Problem description —
Transcribe the data verbatim and drop its images.

Collected data —

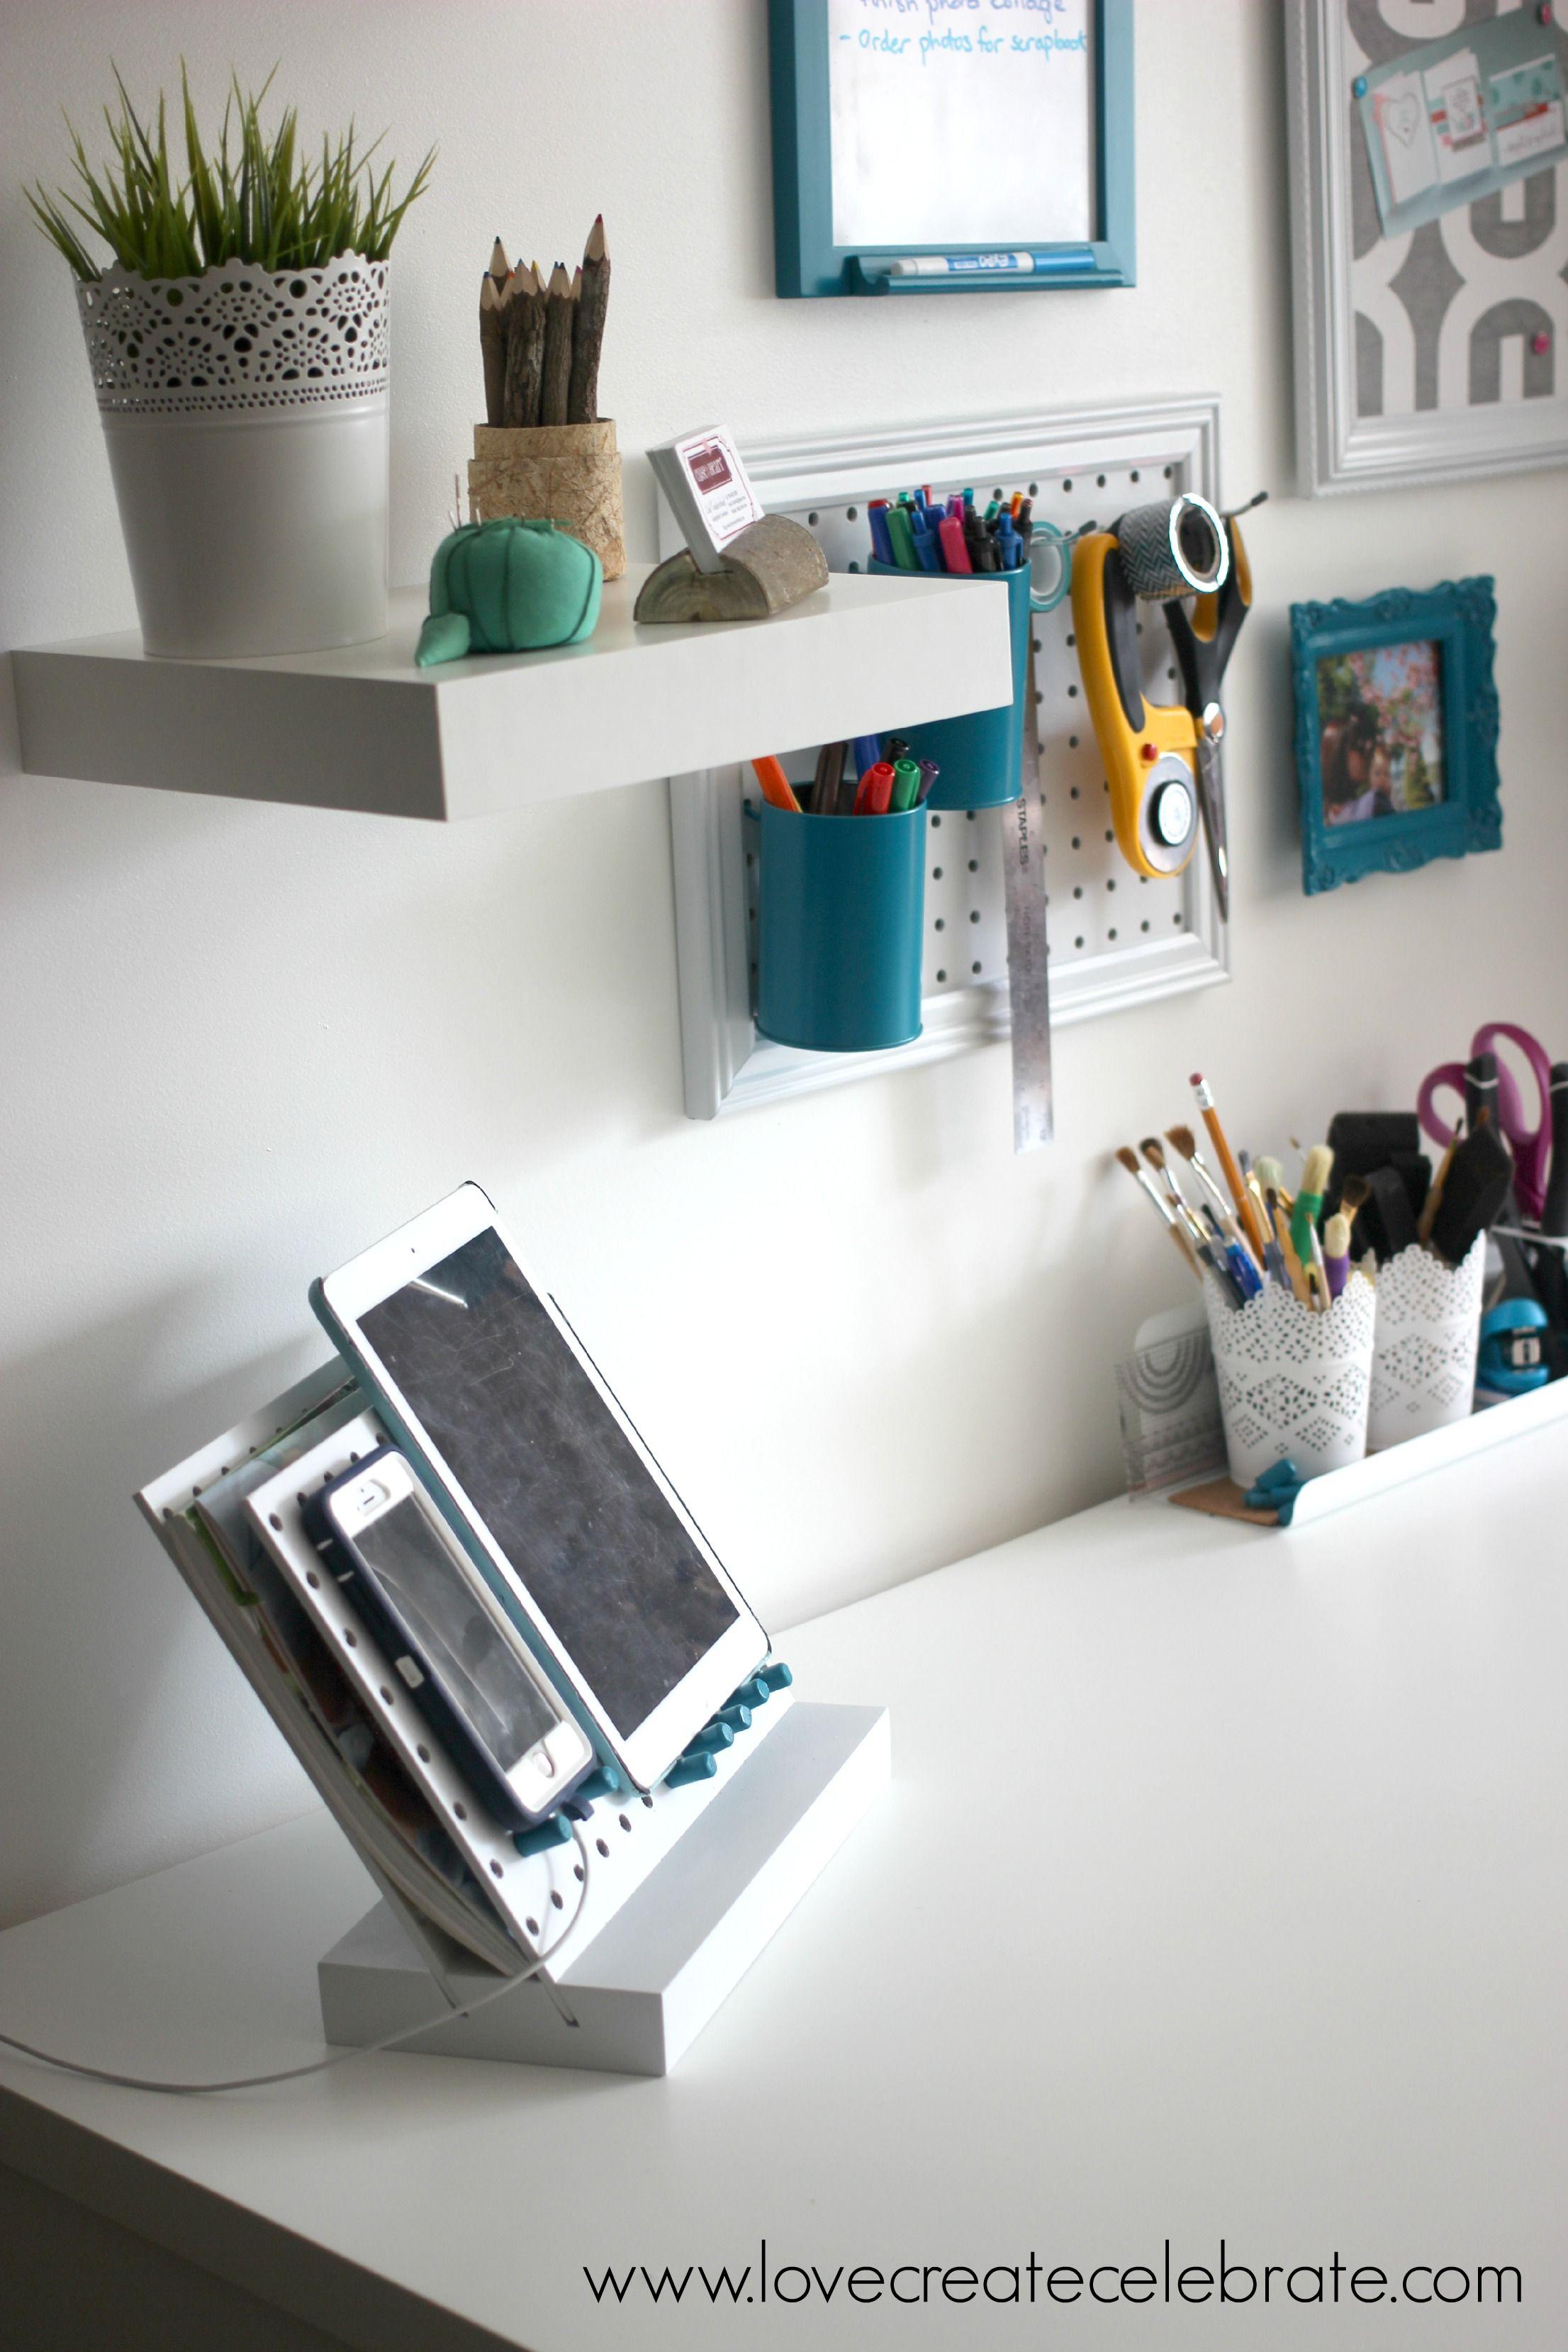 Peg Board Desk Organizer Love Create Celebrate Ideias De Decoracao Apartamento Ideias De Decoracao E Organizacao Ideias De Decoracao
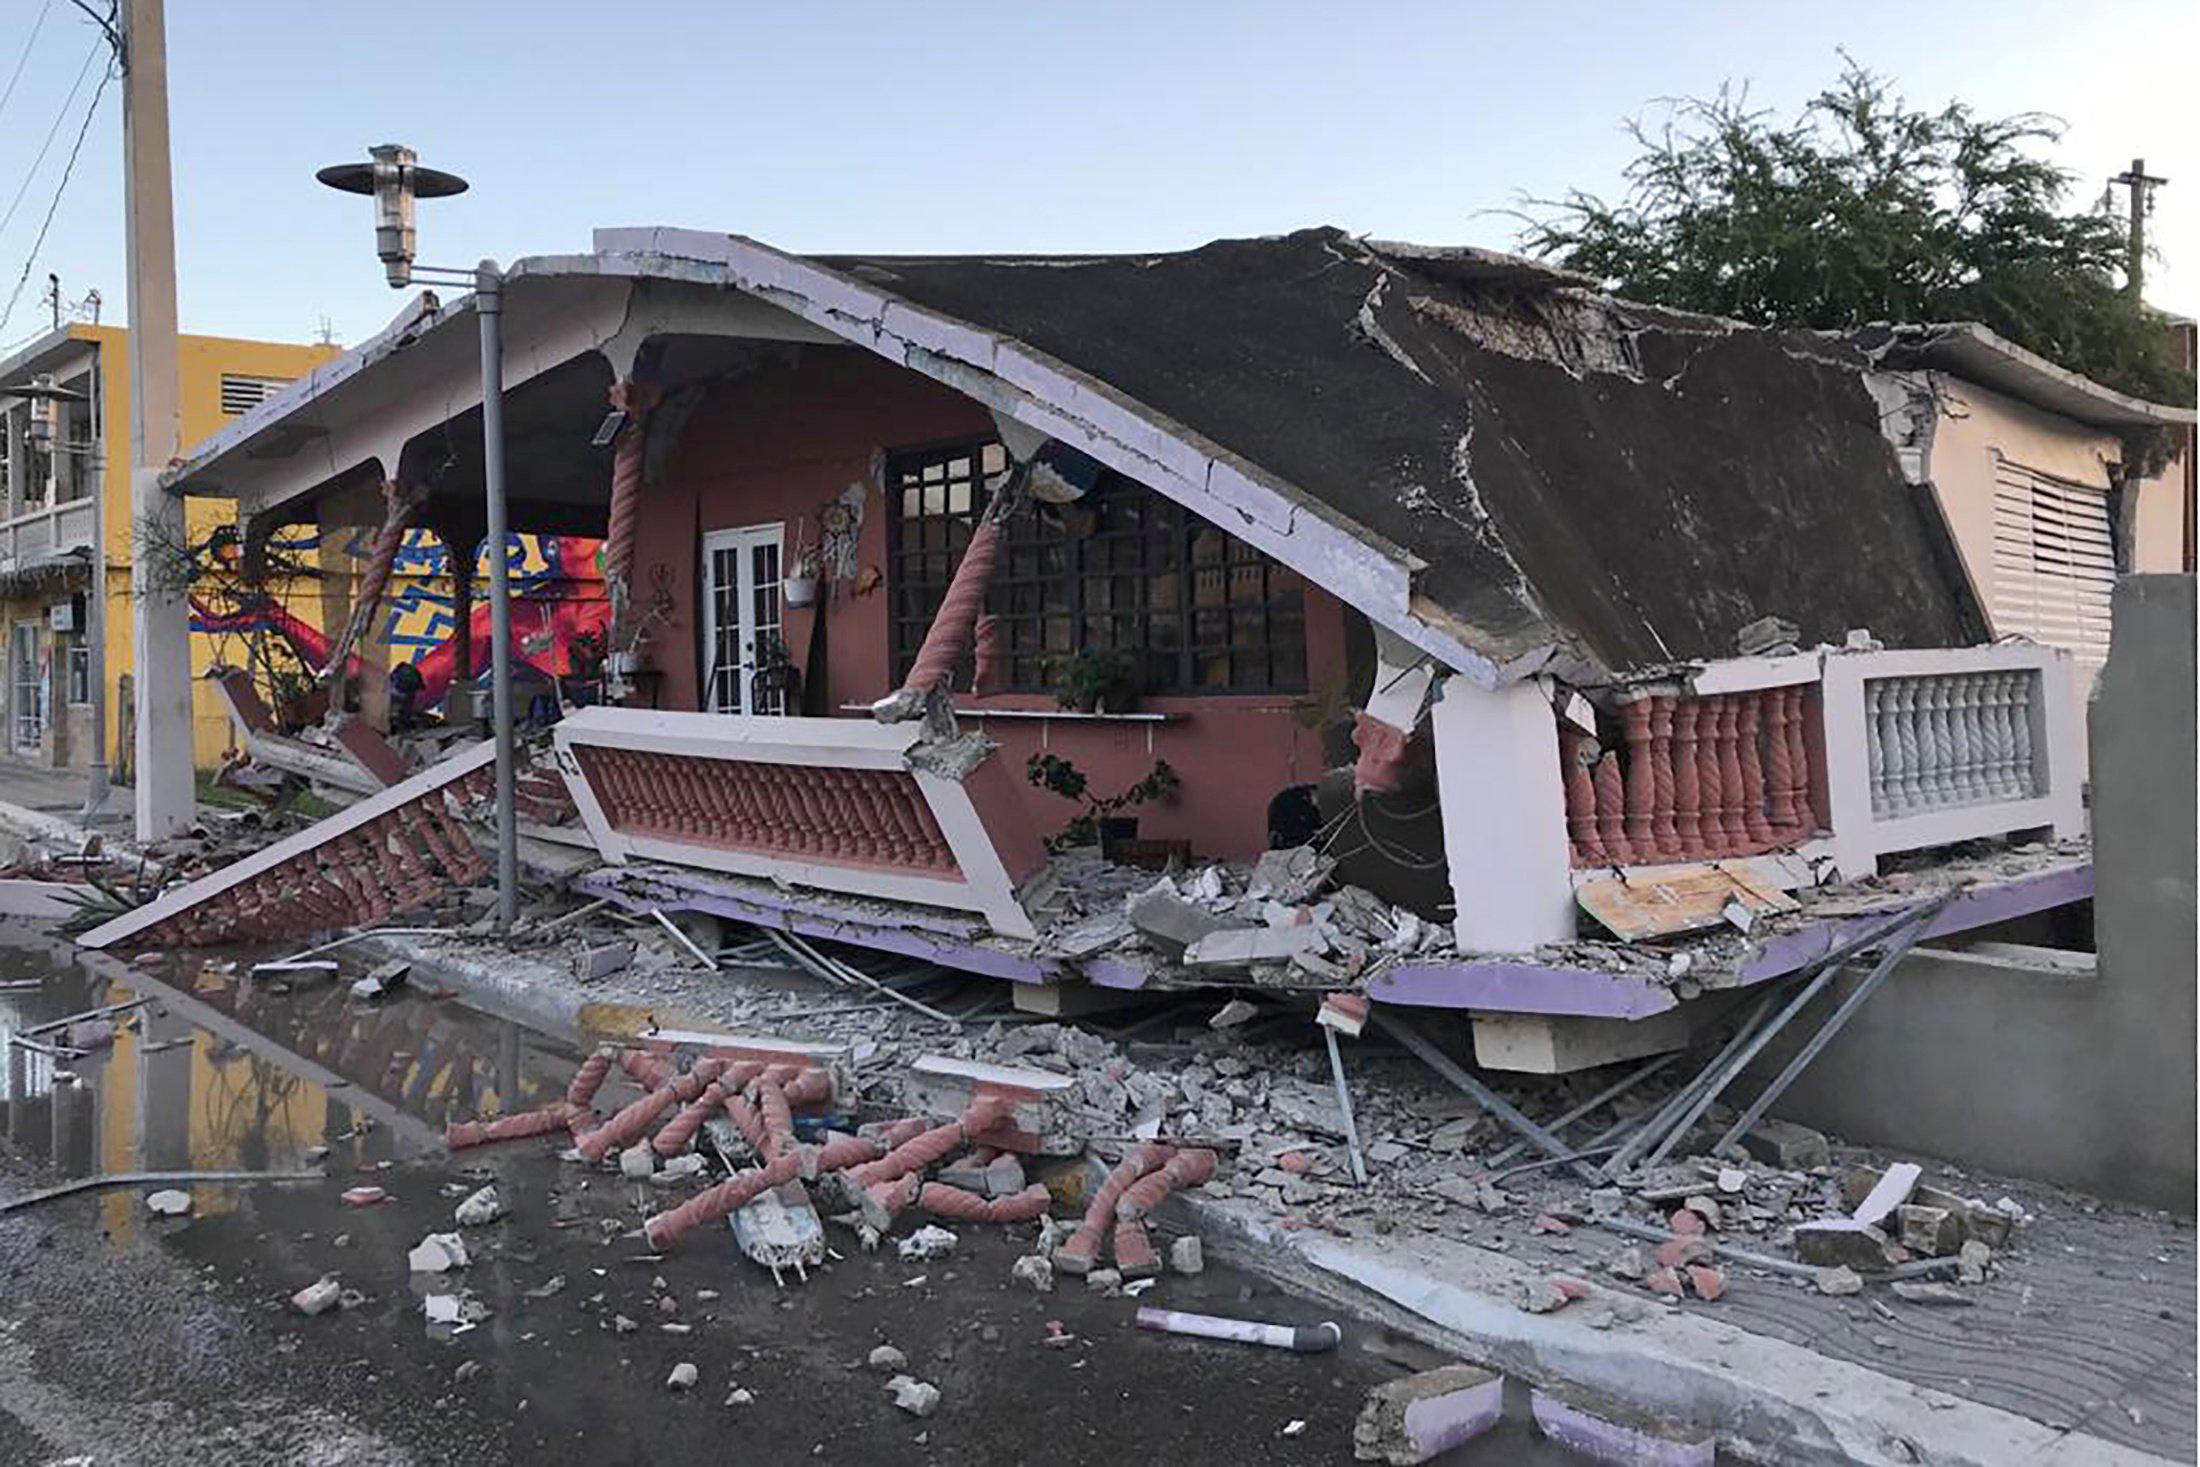 6 4 Magnitude Quake Strikes Puerto Rico Killing At Least 1 Amid Heavy Seismic Activity
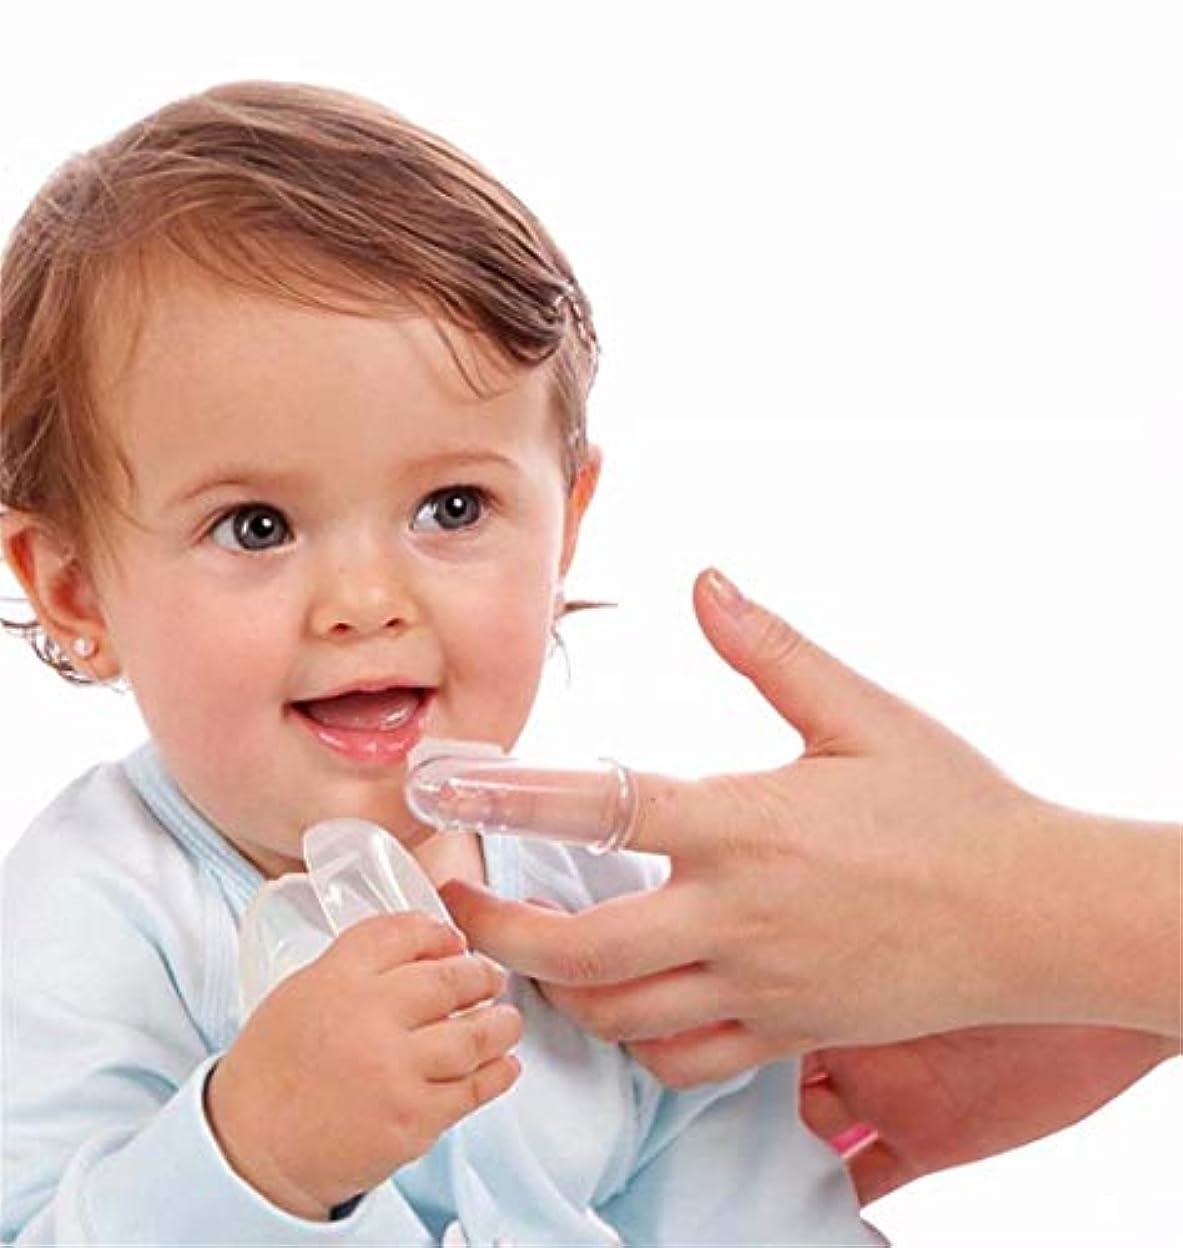 ミシン逆に溶ける七里の香 ベビー指歯ブラシ、乳児幼児子供用シリコーンソフトオーラルマッサージャージェントルケア

Your solution —
 Peg Board Desk Organizer Love Create Celebrate Ideias De Decoracao Apartamento Ideias De Decoracao E Organizacao Ideias De Decoracao
 6 4 Magnitude Quake Strikes Puerto Rico Killing At Least 1 Amid Heavy Seismic Activity
 ミシン逆に溶ける七里の香 ベビー指歯ブラシ、乳児幼児子供用シリコーンソフトオーラルマッサージャージェントルケア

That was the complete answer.